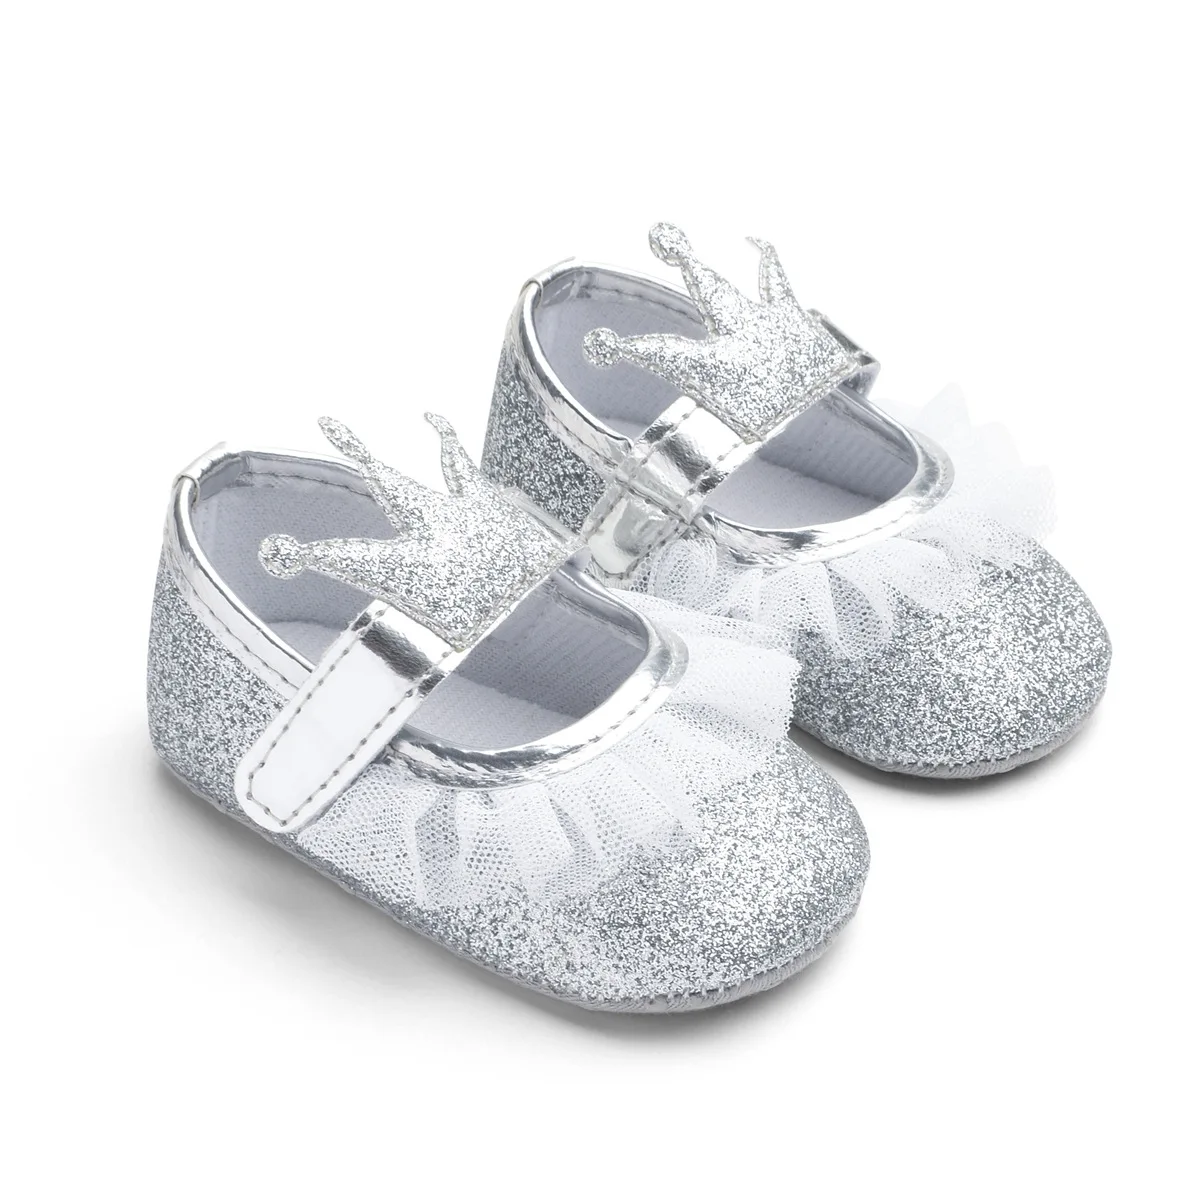 Новорожденная вечерние Вечеринка принцесса bling обувь Кружева Корона Блеск обувь для младенцев Bebe милые Prewalker нескользящая Мягкая подошва кроссовки обувь
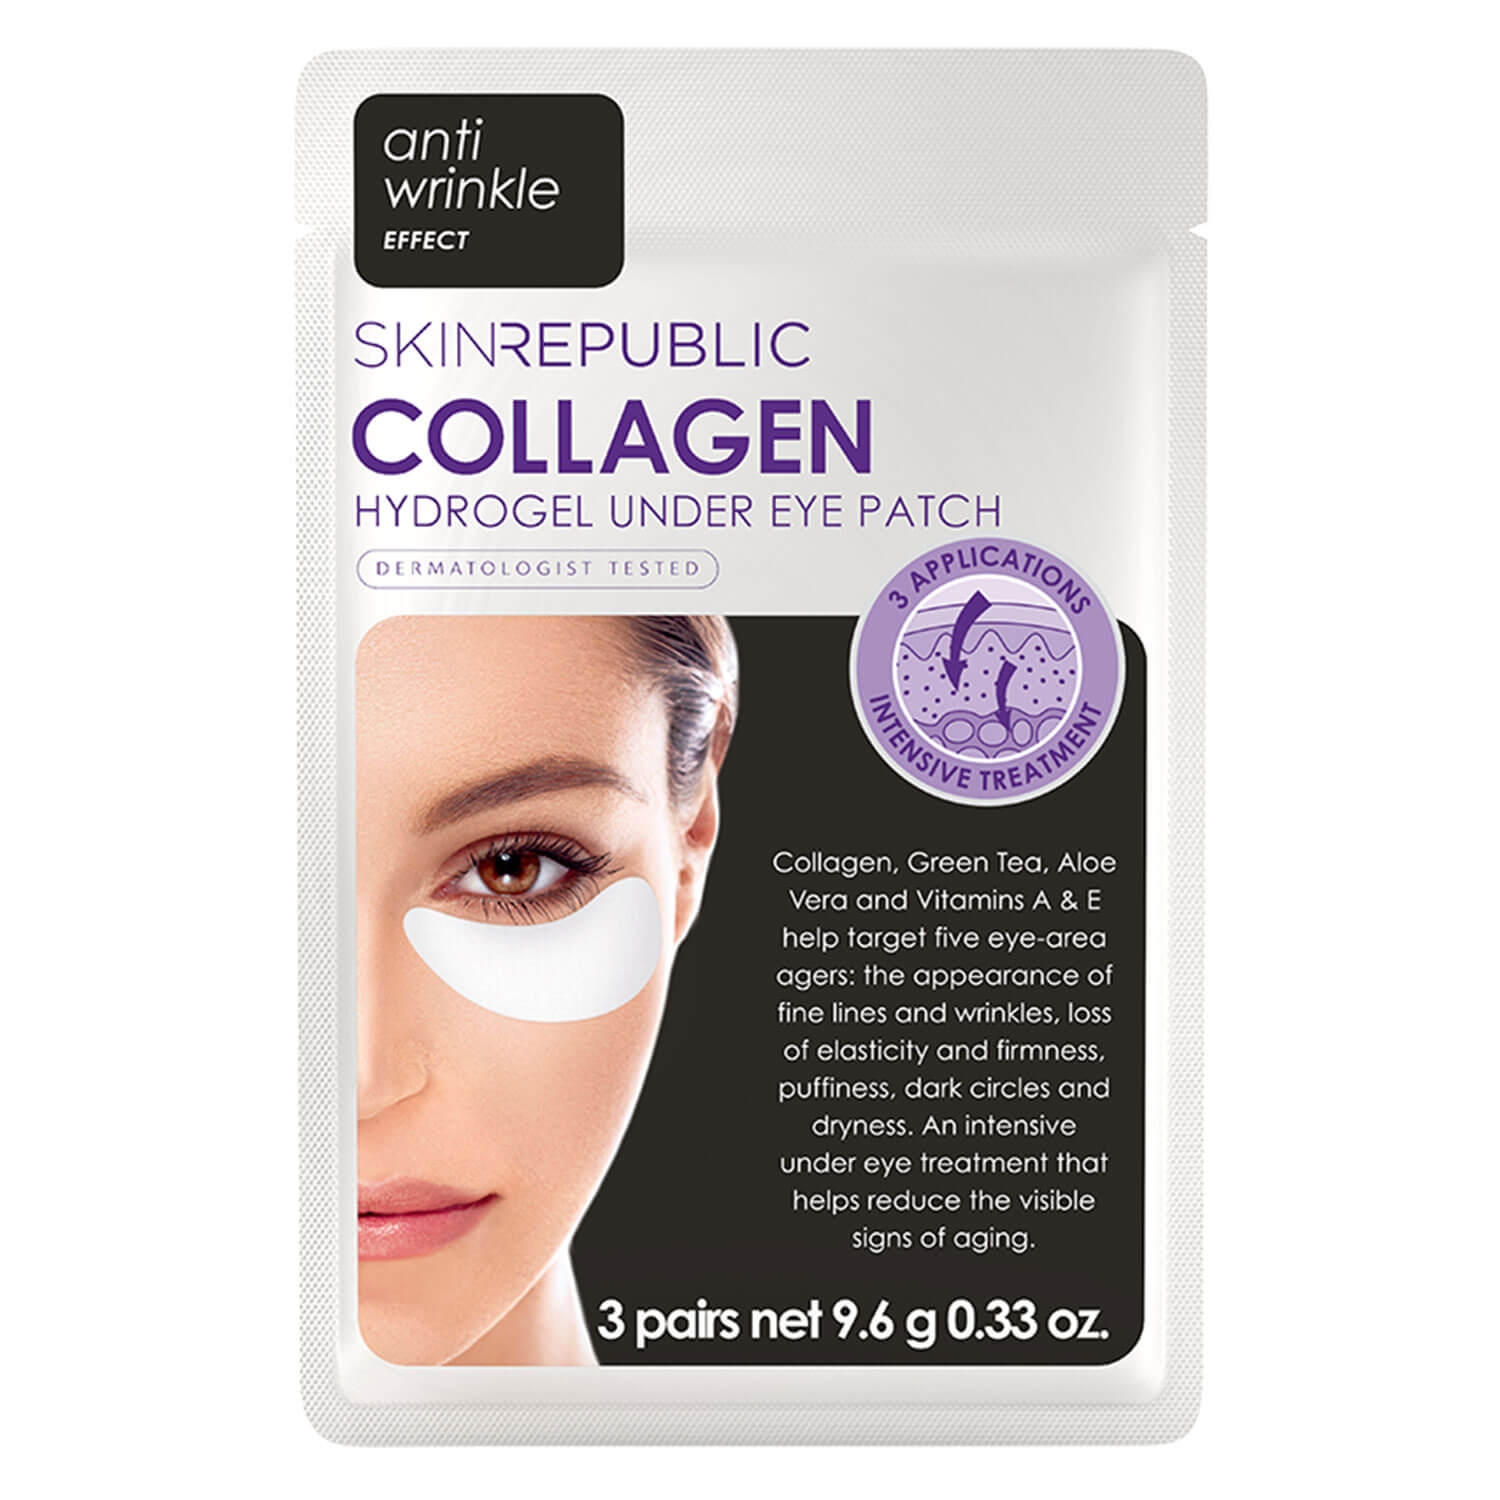 Produktbild von Skin Republic - Collagen Hydrogel Under Eye Patch
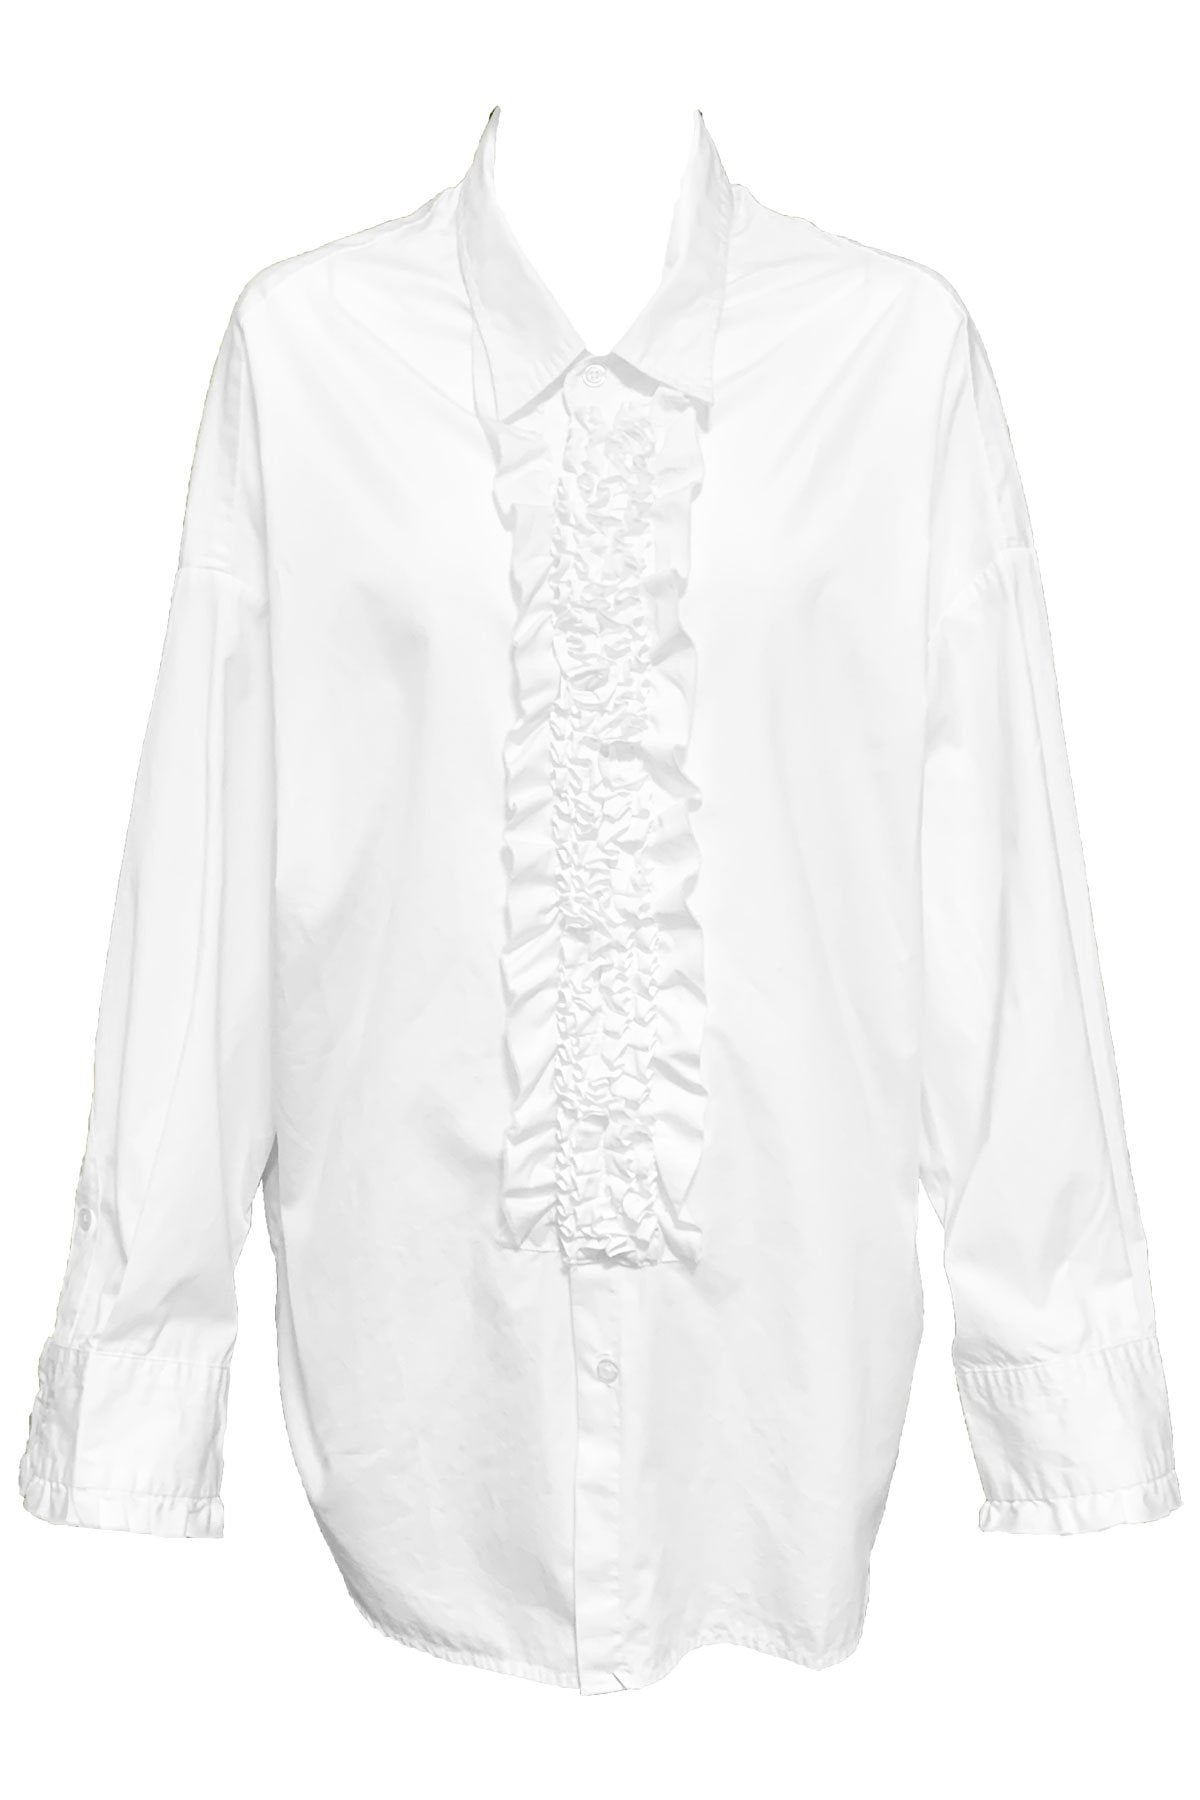 Drop Neck Tuxedo Shirt White - shop-olivia.com

> _What you need to do_
Your output must consist only of the lines from the line with "Produktbild von Skin" through the final line of the data, both included, reproduced exactly and free of pictures.

> _Task answer_
 Produktbild von Skin Republic - Collagen Hydrogel Under Eye Patch
 Drop Neck Tuxedo Shirt White - shop-olivia.com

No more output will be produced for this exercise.